# Sticky  HHC Chat days and times



## Nancy

Regular chat Schedules are: Monday and Thursday nights, 4-8 pm Pacific time (7-11 pm Eastern) & Sunday afternoon 2-4 pm Pacific time. (5-7 pm Eastern)

Come join us! Everyone is welcome. Come on in and tell us about your little hedgie. And there is usually an experienced breeder or two to answer all of your questions.


----------



## Miranda

Whats that at GMT?


----------



## bryan

Regular chat Schedules are: Monday and Thursday nights, 12:00-4:00 pm GMT & Sunday afternoon 7:00-9:00 pm GMT.


----------



## LizardGirl

*Digs back to stuff I forgot a long time ago*

Greenwich Mean Time? lol


----------



## bryan

Yep, without GMT, developed by the British for navigational purposes, we wouldn't have the basis for the International time zone system, developed by a Canadian by the name of Sandford Fleming in the late 1800's. Put simply, Eastern Time Zone is GMT -5. This means that if it is 6:00pm GMT, it is 1:00pm Eastern, -6, or 12:00pm Central, -7, or 11:00am Mountain, -8, 10:00am Pacific, -9, 9:00am Alaska, and -4.5, or 1:30 Newfoundland.


----------



## HedgieJustice

do people use the chat on the times shown?
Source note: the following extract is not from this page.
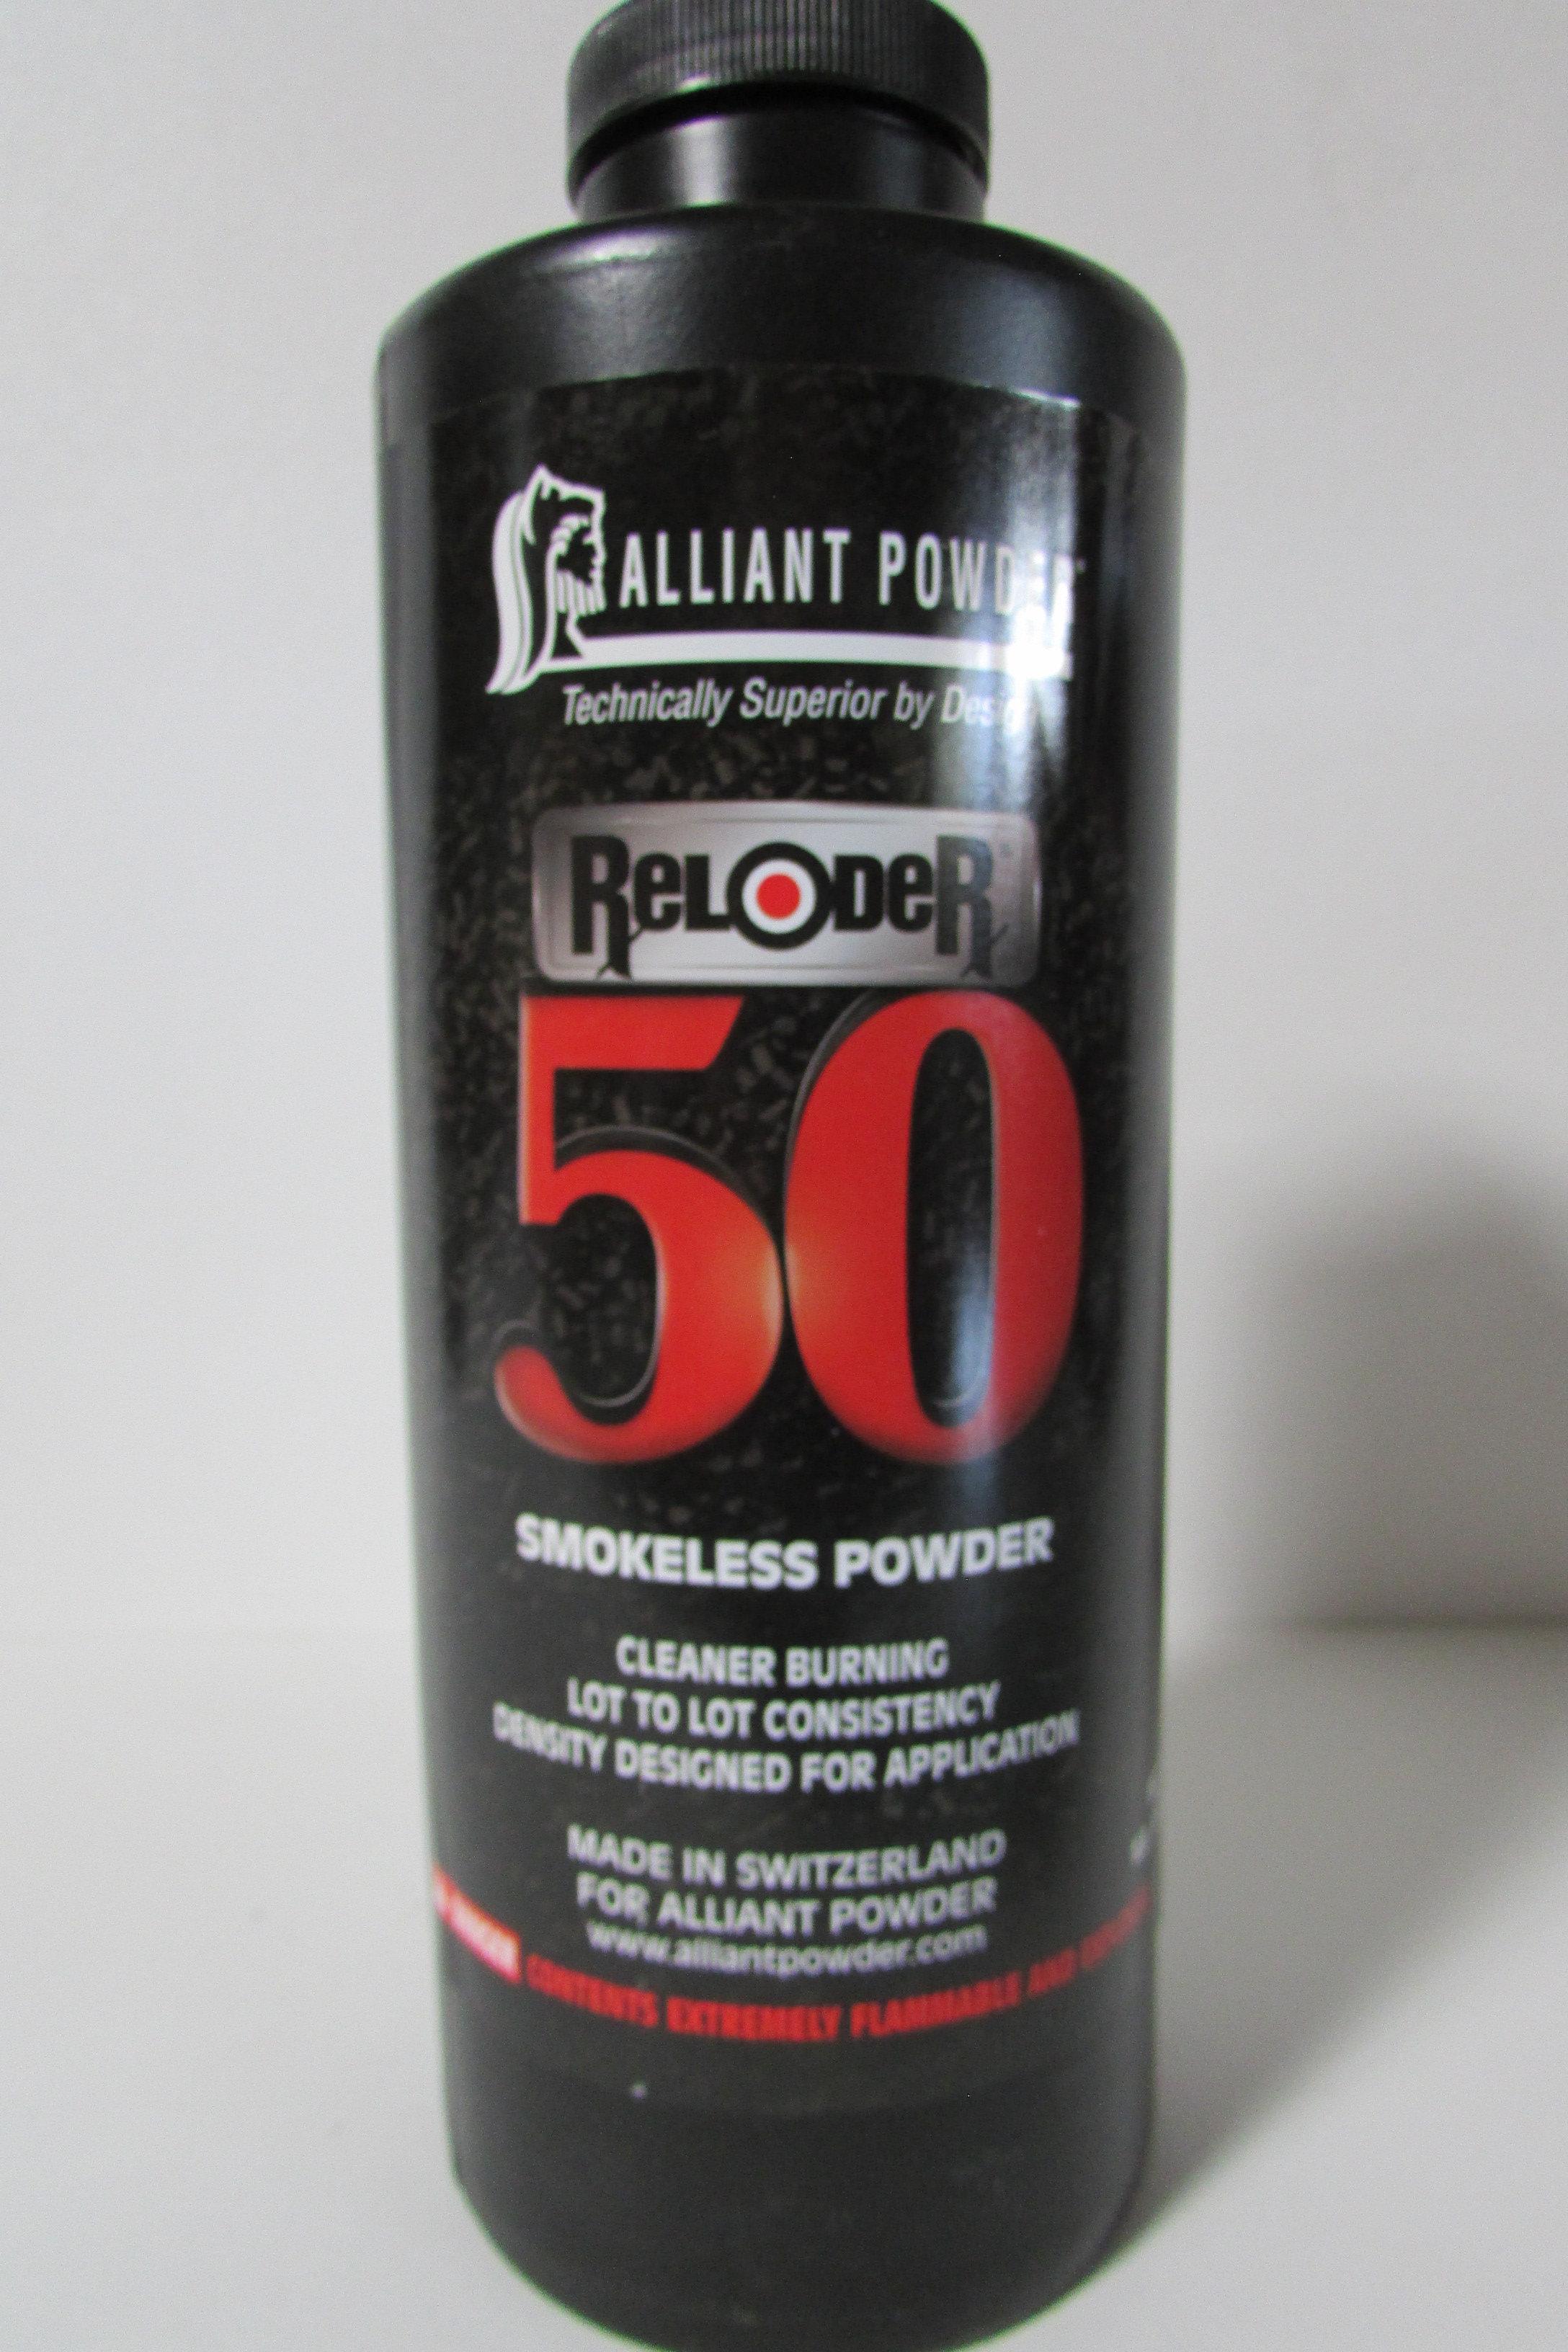 Alliant Powder Reloader 50 1lb

if people do, then i'll be there tomorrow =]


----------



## Reaper

Normally there are a couple of admins and moderators at the scheduled times.


----------



## K9_girl1994

arggg. at first the chat room wasn't letting my sister log in...Now it wont let me log in but will let my sister log in! Can someone help me..I have tryed deleting my user and adding a new one but that still didn't work!


----------



## K9_girl1994

now it wont let me or my sister log into it...it says this

Database error: Invalid SQL: INSERT INTO c_users VALUES ('Default', 'FabioBruno', '1', '1233016069', 'r','76.178.207.70')
MySQL error: 1062 (Duplicate entry '76.178.207.70' for key 2)
Session halted.


----------



## Reaper

that is because it says you are in chat I will boot ya out and try again


----------



## K9_girl1994

ok thanx..yeah it worked!


----------



## Hedgiepets

Don't forget about scheduled chats! A good place to ask questions.


----------



## Hedgiepets

Have a question? Come to the chat room during normally scheduled chats.


----------



## Hedgiepets

Don't forget. Join chat and get questions answered or just come chat about your hedgehog.


----------



## Terry

Is this where I come to chat and ask questions?


----------



## nikki

No the chat is in a chat room, if you look up, just below the HHC logo at the top of the screen, you'll see three stylized hedgie pics that say "HHC Home", "HHC Chat", and "Photo Gallery". Click on HHC Chat, then you have to register there, and then sign in and start visiting or asking questions.


----------



## Terry

thanks so much


----------



## bnstik

Why wont it let me register?


----------



## abbys

This thread is three years old and the website has been redesigned since then, so the "chat" may not be a feature anymore.


EDIT: Oh wait, I see it now. I don't know why you can't register, but if you have questions the forum is a great place to get answers, too.


----------



## eicg

i have a question how do you post a question thing i know how to answer just not post a question. Also how do you post pics.


----------



## abbys

When you go to the main forum page, http://www.hedgehogcentral.com/forums/, click on a specific forum topic like "health," "diet and nutrition," "housing and accessories," etc., and click on whatever subtopic your question is about, and you'll see a box that says "new thread" at the top of the list.

To add a picture, there's a little paper clip icon at the top of the text box. Click on it and you can upload pictures.


----------



## eicg

how to you make treads/question


----------



## Lilysmommy

Posting the same message or thread multiple times isn't going to get you an answer any faster. Please post only once. 

Like Abbys already said, when you click to view a forum section (such as the Diet/Nutrition section), before any of the threads are listed, above the brown outline of the box, there's a button that says "New Thread". Click that to post a new thread. Make sure you try to post things in the correct forum too.


----------



## eicg

sorry it was an accident i only created my account 30 mins before i posted that i was have some difficulties.


----------